# Mac OSX and Dell 3000cn in COLOR!



## Exslyder (Dec 11, 2005)

I've searched high and low looking for a solution which will work for the 3000cn, as well as any other systems.  I'm sure I'm not the only person especially if they own one of these beasts, who also own a PC, and that's where the solution lies.  While I've seen a few pseudo work-arounds, where maybe if you setup like 3 different printer queues, you may be able to print color if you're lucky, but in general the images are offset, and you have to work with the source code of one component or another to get it to work.. sounds like a real pain in the butt, and I know, I've been trying to get it to work for months off and on.  Then I found a script, written by someone on sourceforge, I would give you his name, but I can't seem to locate it.  As long as you have your printer up and running on a PC, that's all you really need, no need to worry about special PPD's, etc, etc.  Although you won't have all the features available to a native driver, I am able to print black and white pages at normal B&W speed, and the color is pretty spiffy itself.

With Jaguar and Tiger, you don't need to worry about setting up the LPR daemons on windows, as they support printing to windows printers.
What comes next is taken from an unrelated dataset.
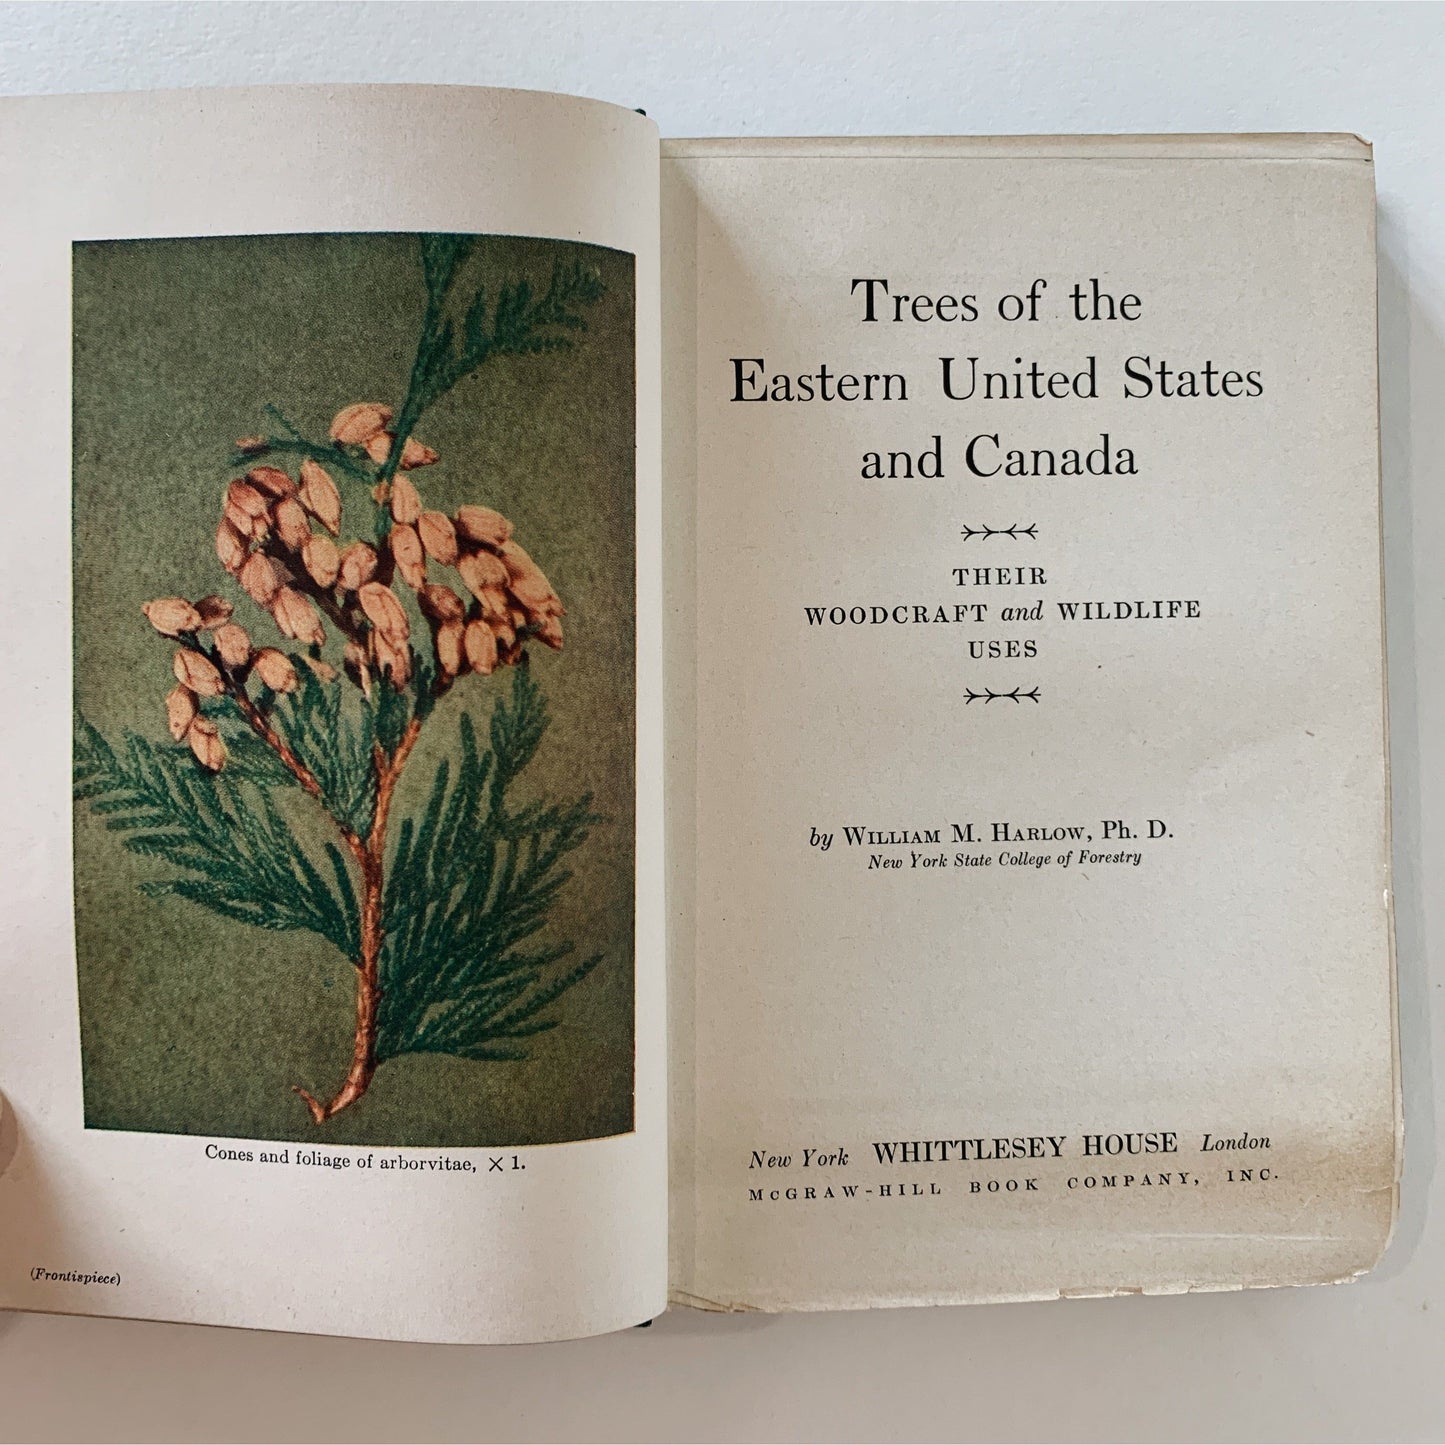 Trees of the Eastern United States and Canada, 1942, Whittlesey House Field Guide
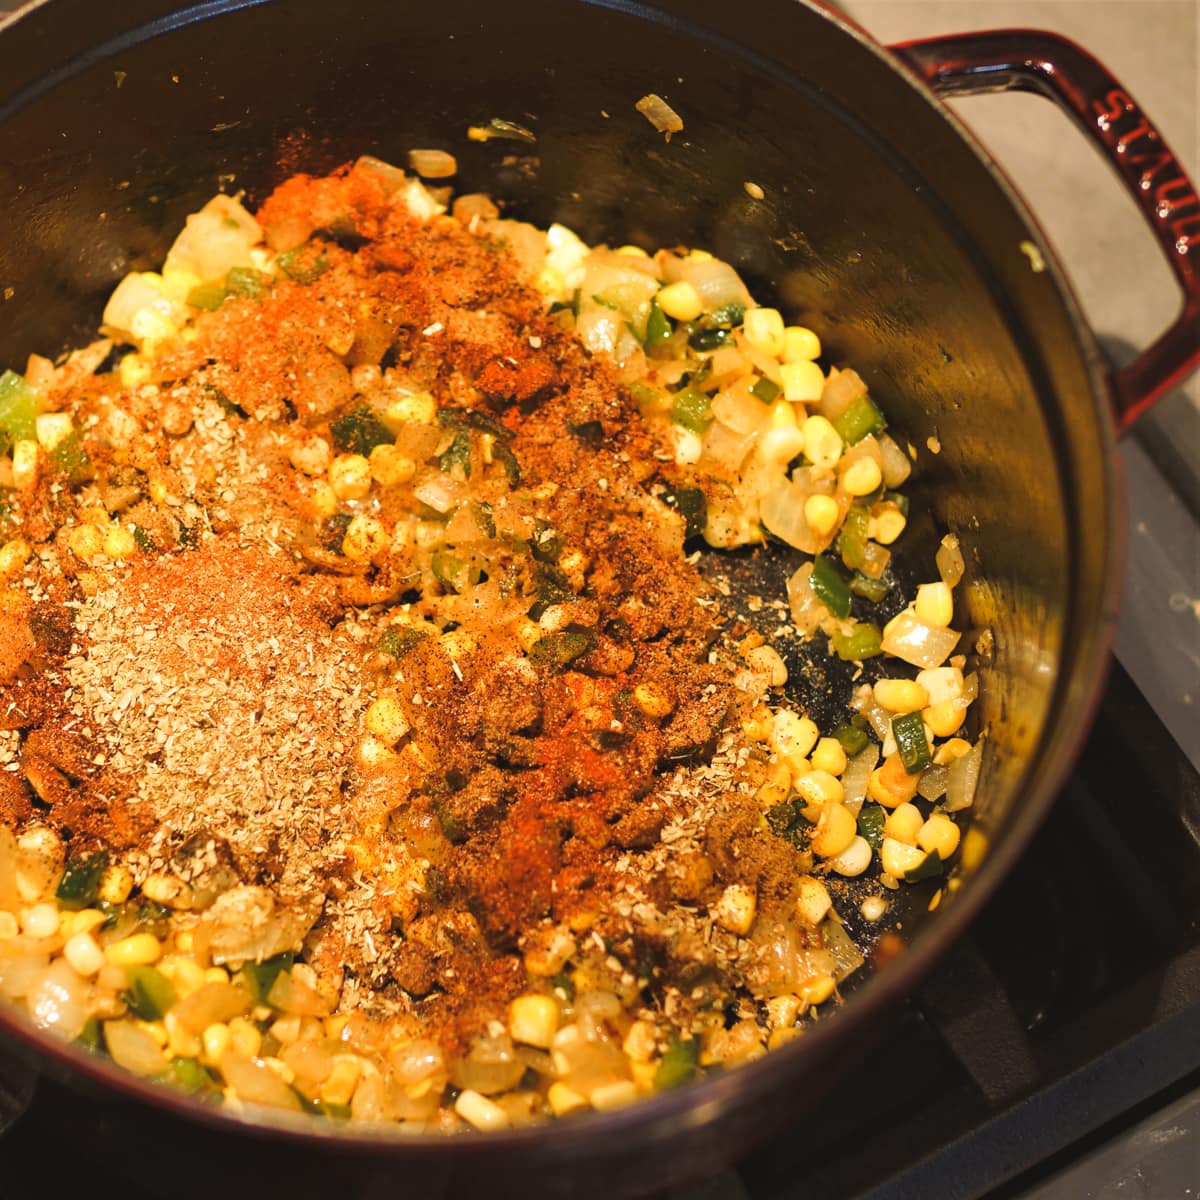 Corn and seasoning added to a Dutch oven of chicken chili.

http://iharder.sourceforge.net/macosx/winmacprinter/ 

That's the link to take you to the page.  Good Luck and let us all know if you're successful.

Joe


----------



## epieters (Jan 25, 2006)

Hi,

Here are the steps i took to get the color printing working on a Dell 3000cn:

1. download and install the hpijs drivers for MAC OS (http://www.linuxprinting.org/macosx/hpijs/)
2. download and install the ESP Ghostscript from the same location.
3. add an LPD printer and select the HP Color Laserjet 5500 foomatic/hpijs as your printermodel
4. print as long as your toner(s) have color ;-)

If you still have problems, take a look at http://www.mit.edu/~jik/3000cn/ which is where I found pointers to the above steps.

-- Eric.


----------



## Eileen802 (Feb 26, 2006)

I'm a proud new iMac owner (happily switched!), OS X Tiger, and am attempting to follow Eric's instructions for getting my 3000cn to work.  
1. download and install the hpijs drivers for MAC OS (http://www.linuxprinting.org/macosx/hpijs/)
2. download and install the ESP Ghostscript from the same location.
3. add an LPD printer and select the HP Color Laserjet 5500 foomatic/hpijs as your printermodel

I'm at step 3 and when adding an LPD printer it requires that I input an Address ("Enter host name or IP address") and Queue ("Leave blank for default queue").  Can someone please tell me what I should put enter in the Address?

Thanks, Eileen


----------



## joshuatree (Jul 13, 2006)

OK, I followed the instructions per Eric. All installs seemed to go well. My document ends up in the queue for the network printer (even tho I selected 'none') and won't get to the dell over my wireless.

Any ideas?!  Thanks!


----------



## benj79fr (Oct 29, 2006)

Hi everybody,
First, I want to excuse me because my English is not perfect as I write from France.

I followed instructions, and finally succeed printing with my Dell 3000cn and my MacBookPro, but I have a problem, photo quality is bad. It looks like an old HP Deskjet ! I selected 600dpi resolution in Word. I wonder where is the problem, printer configuration or driver... The printer is not set into "draft mode".

Have you got a good quality printing (in color) with your mac ?

Thanks a lot,

Benjamin


----------



## dsrichard (Apr 29, 2007)

What am I missing. I actually managed to get a linksys Bridge attached to the printer. Setup an LDP printer with the IP address of the bridge/printer. Still no color. Ideas?

David


----------



## thingummijig (May 6, 2008)

I was struggling till I followed the instructions in this other discussion:

http://macosx.com/forums/hardware-peripherals/245823-dell-3000-cn-printer.html

Just tried it and it worked for me.  (Running Mac OS X 10.4.11)

b.


----------



## amconsultancy (Mar 5, 2011)

have the same problems as all of you

looked at this link :

http://discussions.apple.com/thread.jspa?threadID=943418

after installing the HP5500 hpijs driver,  manually check the Dell printer is set to print in colour, when i went to the printer i noticed the "colour" mode had somehow been changed to black and white, changed this back to colour and hey presto - colour form the 3000CN - i am on OSX 10.6.6.  however quality is not great.

Adrien


----------



## mike08b (Dec 21, 2016)

epieters said:


> Hi,
> 
> Here are the steps i took to get the color printing working on a Dell 3000cn:
> 
> ...



I have tried these steps but am stuck with a "Filter failed" error every time I send a job to the printer.


----------